→ WHAT IS REQUIRED: Every line of the listing below is to be repeated exactly; the pictures stay out.

→ COLLECTED MATERIAL:
- - - - -

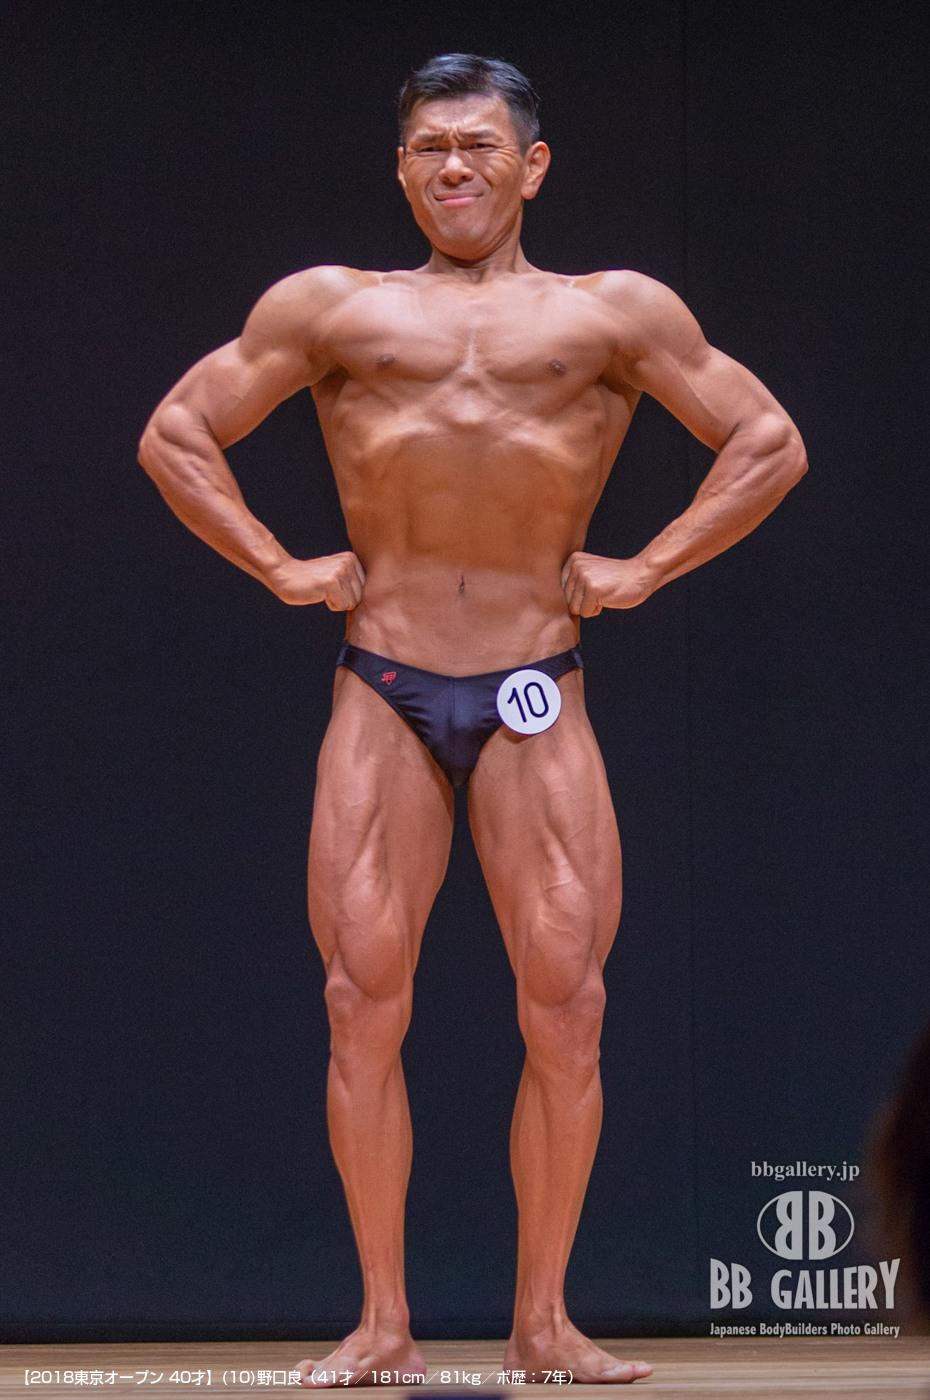 【2018東京オープン 40才】(10)野口良(41才/181cm/81kg/ボ歴:7年)
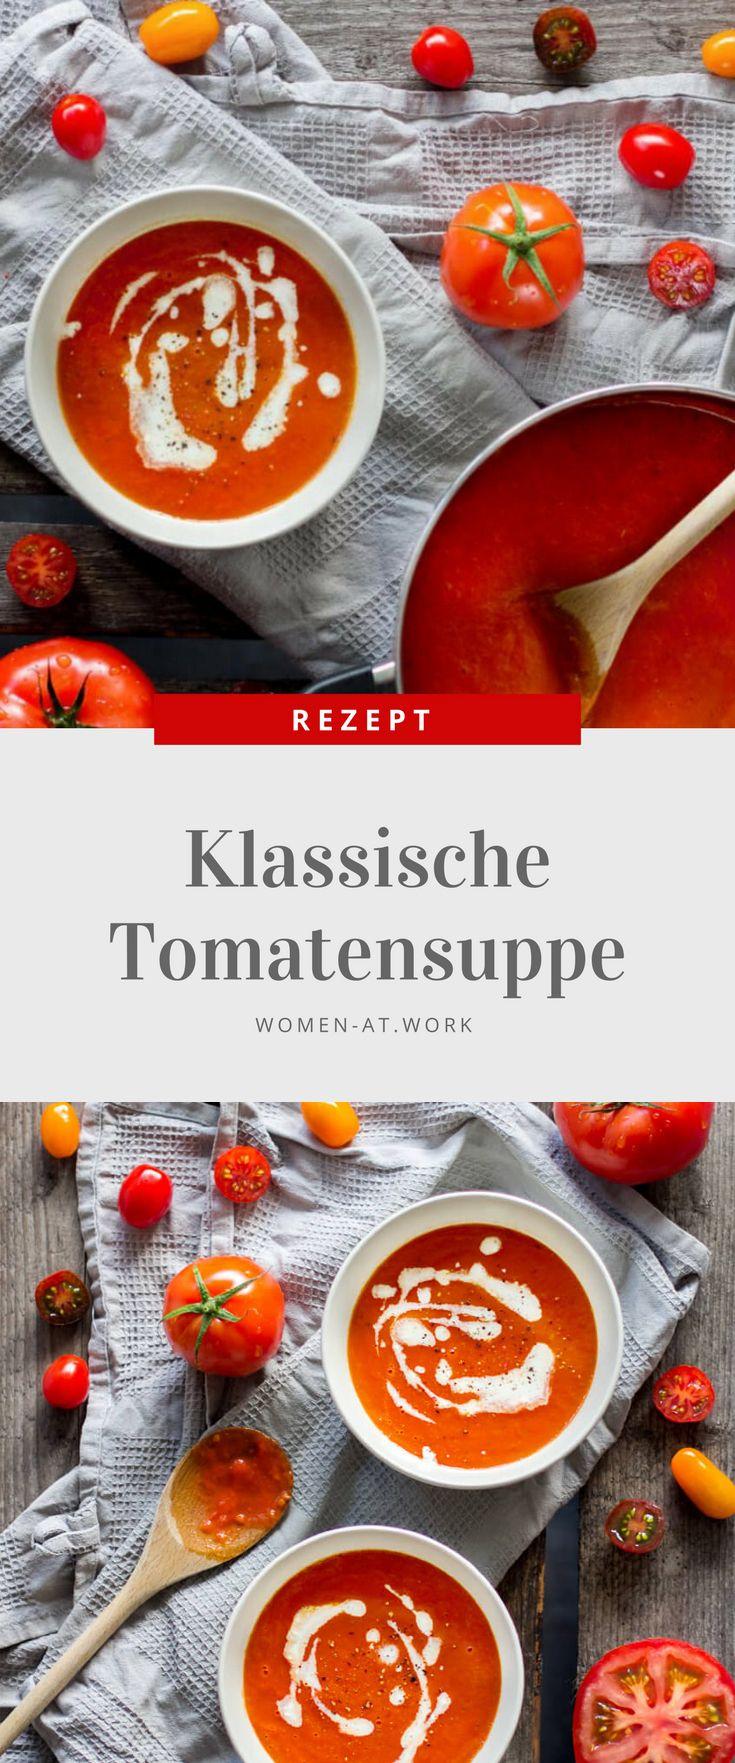 Klassische Tomatensuppe. Das perfekte Rezept für die letzten Sommertage.
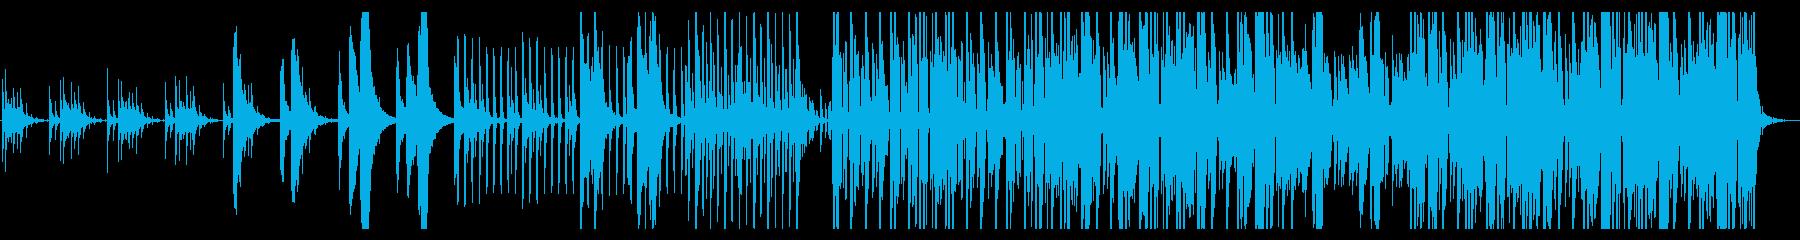 新世紀エレクトロニクス 心に強く訴...の再生済みの波形

- - - - -

→ ANSWER SECTION:
 【2018東京オープン 40才】(10)野口良(41才/181cm/81kg/ボ歴:7年)
 Klassische Tomatensuppe. Das perfekte Rezept für die letzten Sommertage.
 新世紀エレクトロニクス 心に強く訴...の再生済みの波形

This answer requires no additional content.